President Donald Trump has spoken up about achieving a “perfect” score on the “high difficulty” cognitive test he recently took, so Newsweek decided to take a closer look at the questions he may have faced.
Writing on Truth Social, Trump said: “Unlike other US Presidents, none of whom have ever taken an approved, high difficulty, Cognitive Test, I scored a perfect 30 out of 30, considered ‘extreme intelligence.
“In fact, this is my fourth such test, all PERFECT or 120 correct answers out of 120 questions asked! It is very rare that anyone gets a Perfect Score, especially when achieved four times in a row.”

The test Trump is referencing is the Montreal Cognitive Assessment, a 30-point screening tool used by healthcare professionals and researchers to detect the early signs of dementia and mild cognitive impairment.
“All people running for President and Vice President should be forced to take high difficulty Cognitive Tests,” Trump wrote in the same Truth Social post.
With the permission from Montreal Cognitive Assessment, Newsweek is taking a closer look at a handful of the questions Trump may well have faced during his test and asking: how well would you score?
MoCA Test Questions

The test includes a visuospatial question asking those completing the test to follow a basic number/letter pattern. It starts 1, A, 2, and then should continue on to B, 3, C, 4, D, 5, E.
Another question asks you to copy a basic stick image of a bed, while another challenges those completing the test to draw a clock displaying the time as five minutes past 10. The correct answer would see the user draw a clock face, with the hour hand at 10 and the minute hand at 5.
These questions are followed by another in which pictures of three different animals are presented. The task is to name all three. The animals pictured are a horse, a tiger and a duck.
The Montreal Cognitive Assessment is intended for professional use only by healthcare professionals or researchers. For general public use, the MoCA XpressO test is available online as a quick screening option.
The White House’s Response
Newsweek contacted the White House for comment on Trump’s test results. They referred back to Trump’s Truth Social post discussing his test scores.
A memo recently released by the White House from Dr.
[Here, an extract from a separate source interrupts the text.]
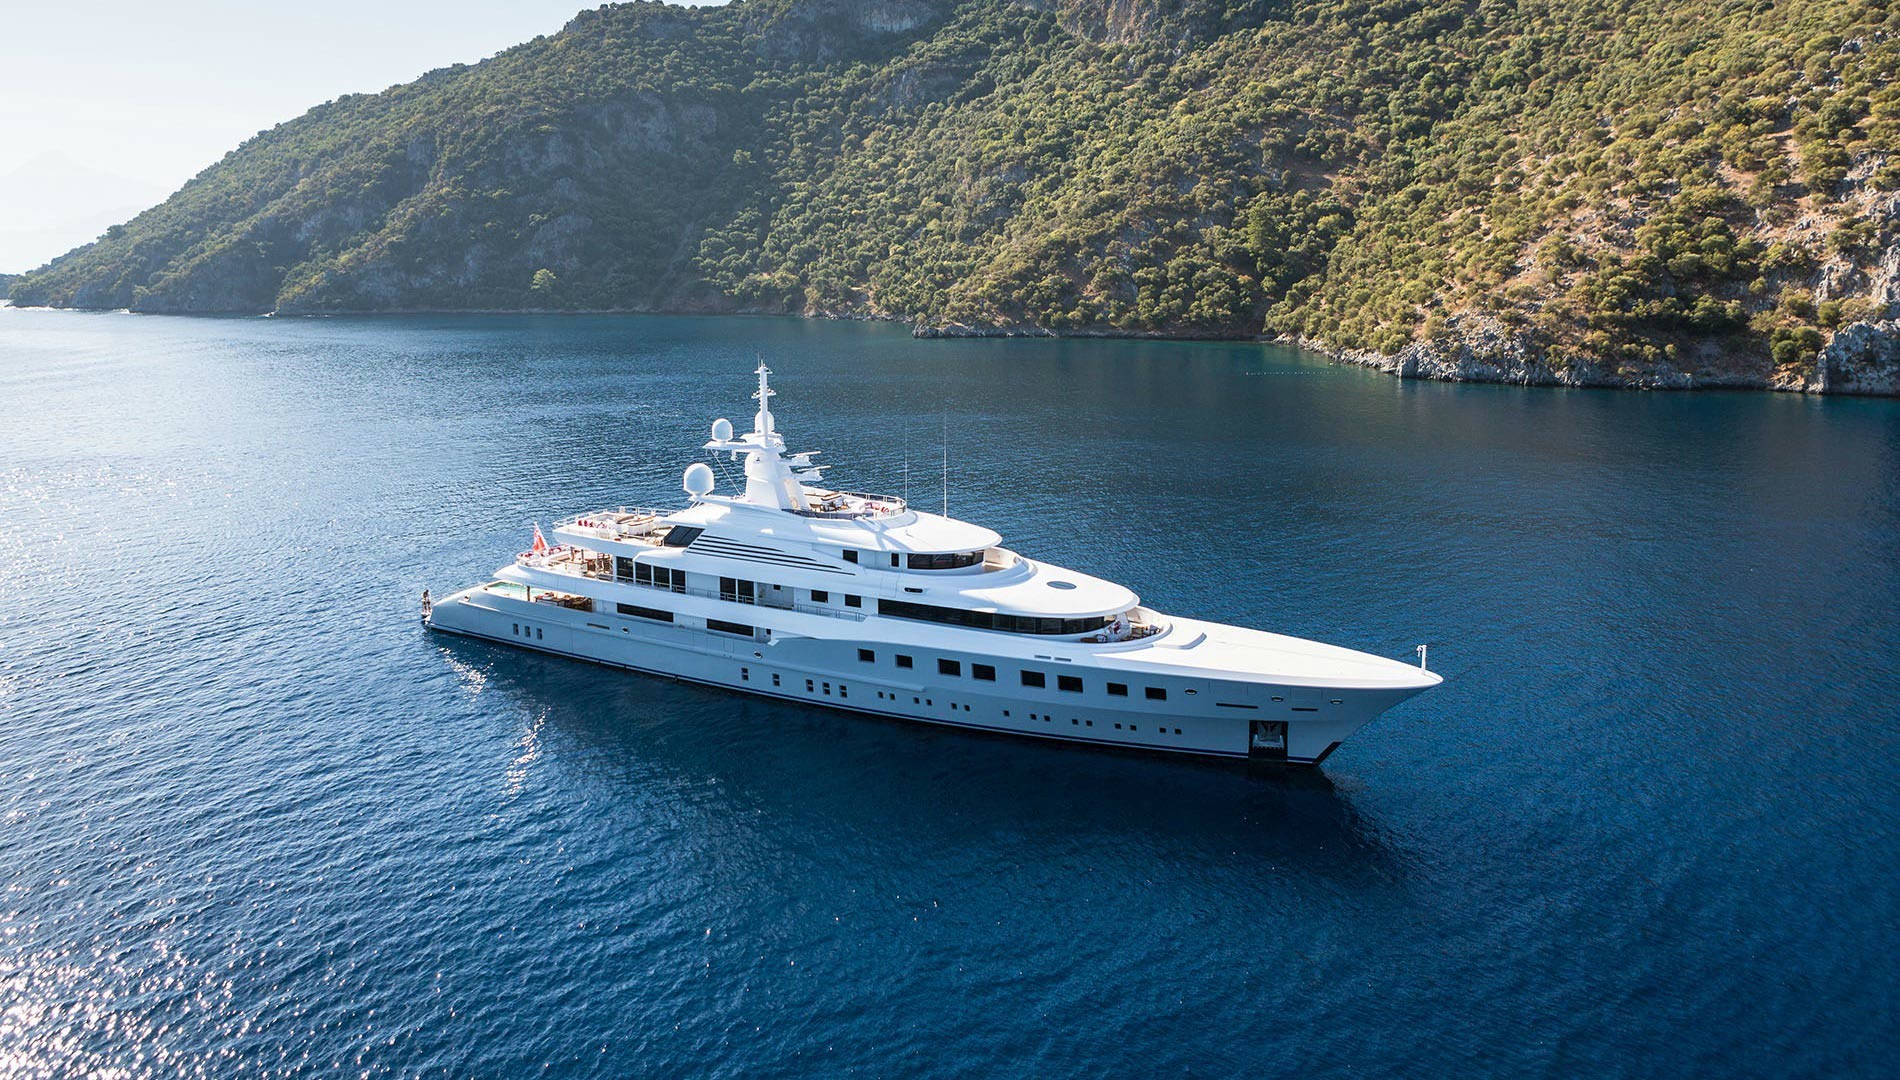 Superyachts aim to go green — but at what cost?

Sean Barbabella, Trump’s physician, said the president “remains in excellent health, demonstrating strong cardiac, pulmonary, neurological and overall physical function.”
Barbabella also noted in the memo that “a comprehensive neurological examination demonstrated normal mental status.”

An Expert’s View
The answers may seem straightforward to most people but Dr. Leslie Dobson, a forensic psychologist with specialist training in neuropsychological assessment, says that’s the whole point.
“These tests set a floor, not a ceiling,” she told Newsweek. “They are not measures of intelligence, wisdom, fitness for high-pressure decision-making, or executive function under stress. Any cognitively intact adult without moderate to severe neurological impairment should score at or near the maximum without breaking a sweat.
“The MoCA has a maximum score of 30. A score of 26 or above is considered normal. Scores below 26 suggest possible impairment warranting further investigation. This is not a test one ‘aces,’ one simply passes or raises a clinical flag.”
Dobson also expressed concerned over the fact Trump had undergone multiple tests of this kind. “Cognitively healthy individuals in routine life are not typically administered repeated cognitive screenings. These tools are used when there is a clinical reason, a concern raised by the patient, a family member, or an observing clinician,” she said.
“The repeated, publicly emphasized administration of screening tests, combined with the apparent need to announce the results, is not standard neurological practice. It is, however, very good public relations, provided one’s audience is unfamiliar with what the tests actually measure.”
A Second Opinion
Tracy Collins, a licensed clinical psychologist, echoed Dobson’s thoughts on tests of this kind. “They are not intelligence tests,” she said. “They are designed to detect signs of cognitive decline, things like memory loss, difficulty with spatial reasoning, problems with attention or language. They check whether the basic machinery is working, not how smart or capable someone is.
“A healthy person with no cognitive impairment should score at or near the top. The test is calibrated so that a normal result is expected, not exceptional. There is nothing to ‘ace’ there really.”
Collins noted that, in her experience, repeated testing is actually “standard practice for any patient over a certain age, particularly those in high-stress or high-responsibility roles.”
“Repeated testing over time allows clinicians to track whether scores remain stable or show a pattern of change,” she said. “A single score tells you very little. The trend over multiple administrations is what matters diagnostically.”
Collins also noted that testing of this kind does come with some “limitations” “They are brief, usually 10 to 15 minutes, and they catch moderate to significant impairment more reliably than subtle early-stage changes,” she said. “A perfect score does not rule out every possible concern, and a slightly imperfect score does not necessarily indicate a serious problem. They are a starting point, not a final answer.”